I think one of the basic things for me and one of the main ideas behind most of the things that I do are super anarchist; and I’m always looking for ways to reconnect myself with myself, and liberating myself from preconceived ideas of how things should be and how they should look and how they should feel, because from my experience, very often what people have said was right or wrong wasn’t that way for me, you know? For my body, for the way I felt for people, with my partner… The whole environment was telling me No, but my body and my heart and my feelings were saying Yes.
“The whole environment was telling me No, but my body and my heart and my feelings were saying Yes.”
What I really like about art therapy is that it’s not focused on creating something beautiful, but on creating something authentic that really gives a voice to your experience. Be it something beautiful or something horrible.
Sometimes, I get super mad, and I just get this big piece of paper and black paint and just go ‘Urrrgh’, making super hard lines with materials, or throwing things onto a wall with paint, like just exploding and giving voice to those difficult feelings that we’re also taught are not good, you know? I’m in general trying to be nonbinary [laughs], like with most things. There’s no good and bad, you determine for yourself what you need, and what feels good from inside. And I feel like art therapy really gives space for that. ‘Cause there’s also not really an authority that’s gonna tell you ‘This is good, this is bad’, you determine this, so that’s really nice.

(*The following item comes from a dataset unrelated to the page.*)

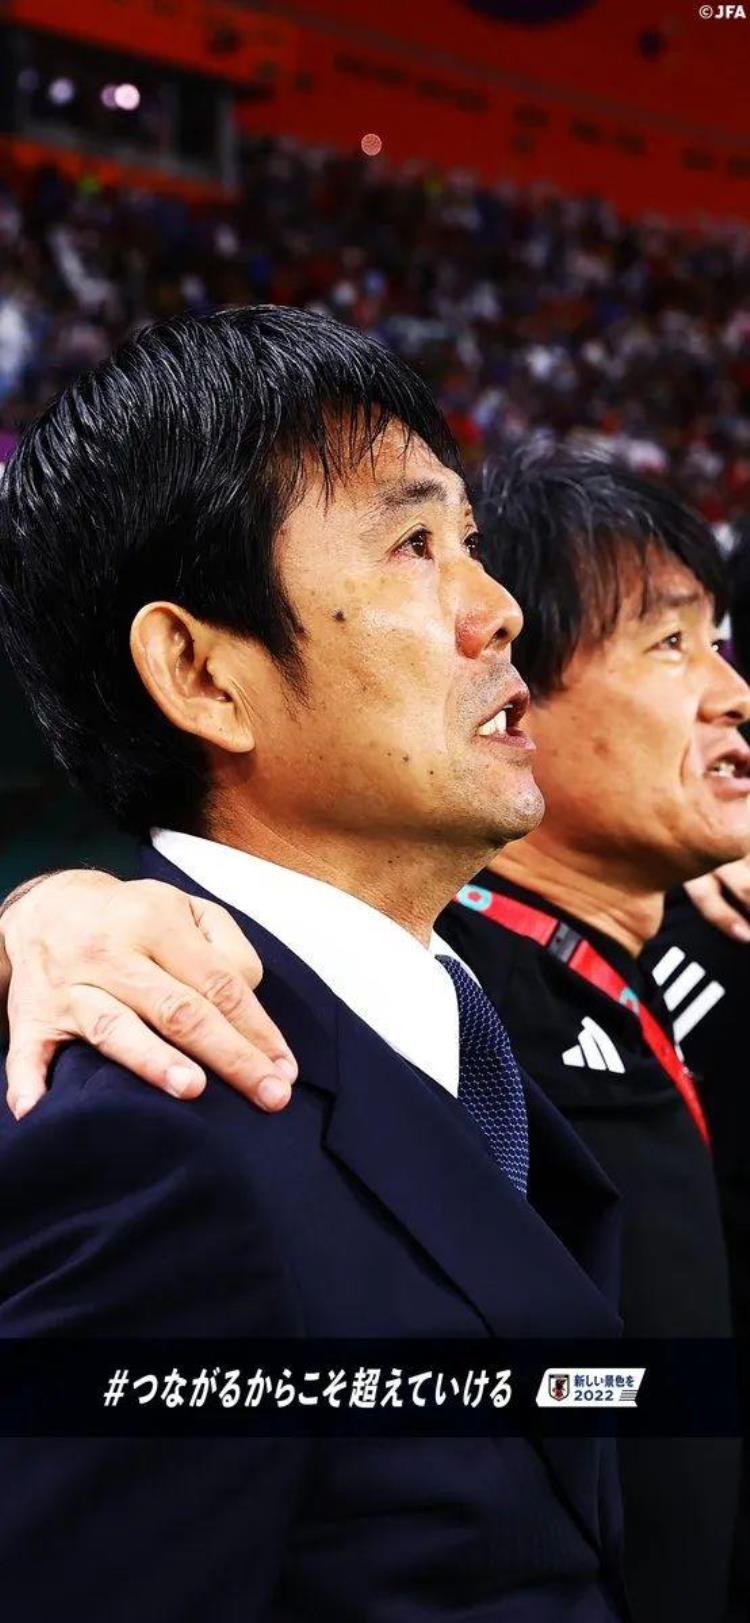 日本足球的崛起之路「日本足球的目标不再是追赶了」
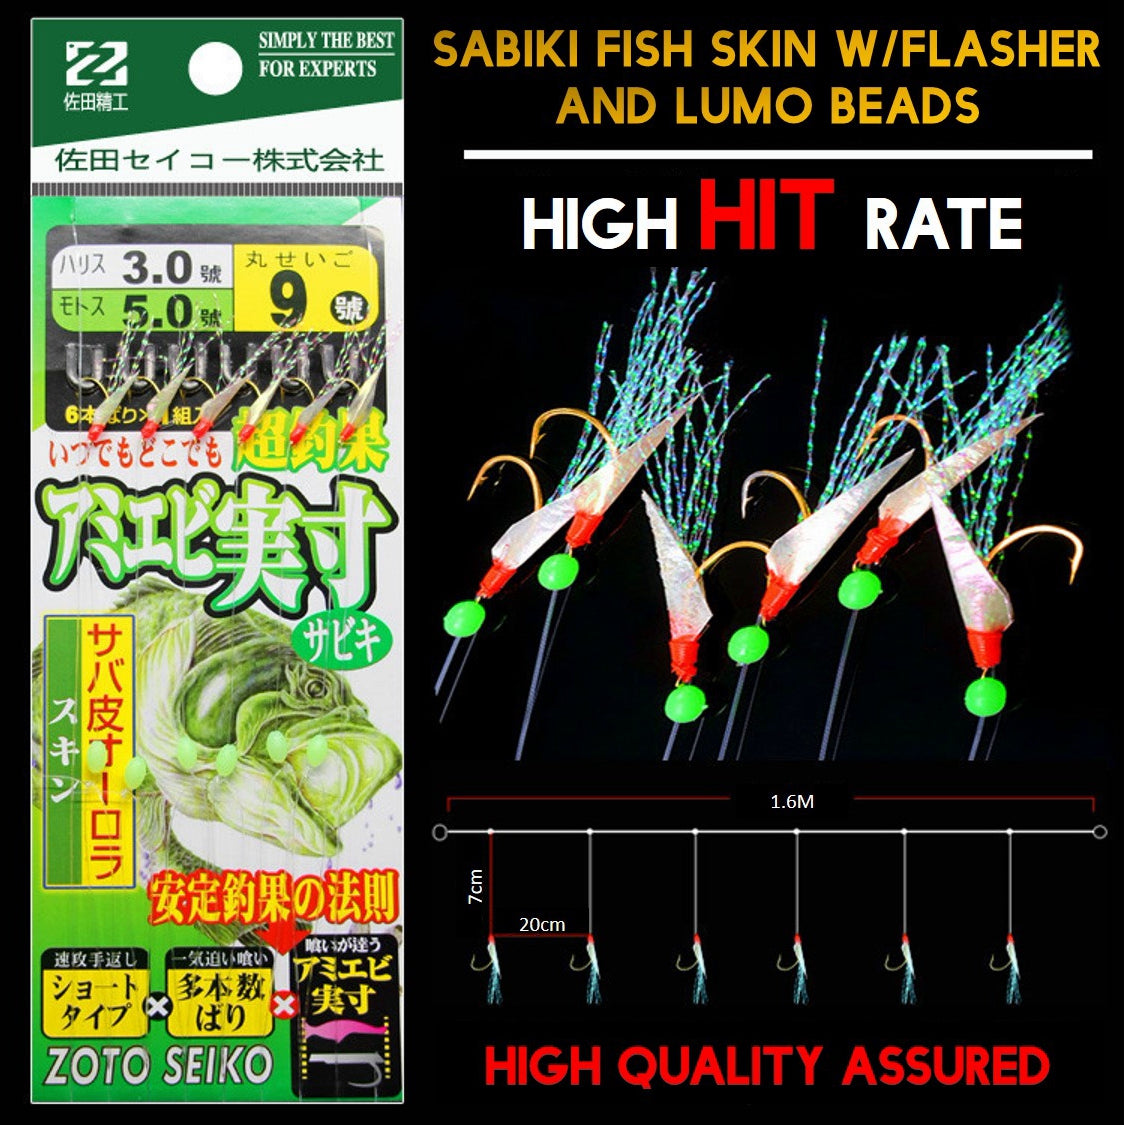 Sabiki Fish skin W/flasher and lumo beads

And that’s what I really want to share with people with art therapy, like there’s all these methods, all these meditations, all these guides where people can share their experience and how they healed themselves, how they made life a bit easier for themselves, you know? Because we’re all struggling. But I feel like it’s super important for us, especially as like queer, neurodivergent weirdos [laughs] to really connect with ourselves and look for ways to inhabit spaces in the world in a way that feels good for us.
“There’s no other person who can know better what you need than you.”
There’s no other person who can know better what you need than you. You’re the best guide for yourself when you start connecting to your needs and to what you really want, and start getting all those preconceived shoulds and don’ts out and start connecting to what feels good to you. And lean into what gives you pleasure, really. What makes you happy, what gives your body pleasure. Sometimes I’m so tense in my body, and I’m like ‘I need something to let this out’, and then I make something and that’s pleasure for me, to really be able to inhabit my body peacefully, you know? But we all have different pleasures.